(Records for the task Opens)

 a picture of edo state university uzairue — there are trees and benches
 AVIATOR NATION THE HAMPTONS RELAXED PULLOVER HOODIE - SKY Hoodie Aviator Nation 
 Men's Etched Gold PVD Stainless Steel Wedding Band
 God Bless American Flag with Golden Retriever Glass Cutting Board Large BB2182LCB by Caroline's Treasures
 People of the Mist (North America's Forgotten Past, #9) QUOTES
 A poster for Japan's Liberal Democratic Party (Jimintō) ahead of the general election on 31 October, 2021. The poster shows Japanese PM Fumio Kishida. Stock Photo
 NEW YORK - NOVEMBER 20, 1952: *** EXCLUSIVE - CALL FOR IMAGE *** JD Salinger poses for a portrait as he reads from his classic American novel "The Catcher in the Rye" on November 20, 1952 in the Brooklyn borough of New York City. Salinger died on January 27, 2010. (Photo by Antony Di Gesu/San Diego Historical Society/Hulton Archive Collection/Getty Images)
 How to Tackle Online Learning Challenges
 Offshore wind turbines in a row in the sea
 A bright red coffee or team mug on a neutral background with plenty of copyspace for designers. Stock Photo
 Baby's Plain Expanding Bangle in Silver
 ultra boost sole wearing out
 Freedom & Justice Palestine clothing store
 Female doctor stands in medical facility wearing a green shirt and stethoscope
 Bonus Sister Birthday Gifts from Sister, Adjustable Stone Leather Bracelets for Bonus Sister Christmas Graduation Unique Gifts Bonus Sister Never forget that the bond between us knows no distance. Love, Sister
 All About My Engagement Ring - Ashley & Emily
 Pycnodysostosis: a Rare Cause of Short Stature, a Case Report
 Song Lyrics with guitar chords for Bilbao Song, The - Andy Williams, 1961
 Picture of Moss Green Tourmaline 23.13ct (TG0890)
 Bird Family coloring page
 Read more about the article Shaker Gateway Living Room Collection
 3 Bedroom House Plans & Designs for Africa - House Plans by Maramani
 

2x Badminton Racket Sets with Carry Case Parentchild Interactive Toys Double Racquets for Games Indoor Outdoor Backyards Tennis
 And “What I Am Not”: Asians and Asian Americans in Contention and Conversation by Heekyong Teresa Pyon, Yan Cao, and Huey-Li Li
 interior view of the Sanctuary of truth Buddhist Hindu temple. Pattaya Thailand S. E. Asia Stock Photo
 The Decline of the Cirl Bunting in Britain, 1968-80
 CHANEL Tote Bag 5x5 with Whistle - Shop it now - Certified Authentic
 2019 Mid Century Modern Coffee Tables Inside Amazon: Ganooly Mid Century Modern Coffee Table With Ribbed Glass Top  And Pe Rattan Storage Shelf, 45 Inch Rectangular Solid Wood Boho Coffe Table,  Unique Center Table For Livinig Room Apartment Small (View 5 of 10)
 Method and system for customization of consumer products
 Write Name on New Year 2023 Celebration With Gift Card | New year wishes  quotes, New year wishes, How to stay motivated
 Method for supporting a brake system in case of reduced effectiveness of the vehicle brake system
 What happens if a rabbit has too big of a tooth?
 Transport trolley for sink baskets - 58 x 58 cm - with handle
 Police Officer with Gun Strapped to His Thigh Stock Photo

(Records for the task Closes)

» Assignment
Please transcribe exactly the lines above from the line that has "People of the" up to and including the line that has "A poster for"; no other line belongs in the answer.

» Response box
 People of the Mist (North America's Forgotten Past, #9) QUOTES
 A poster for Japan's Liberal Democratic Party (Jimintō) ahead of the general election on 31 October, 2021. The poster shows Japanese PM Fumio Kishida. Stock Photo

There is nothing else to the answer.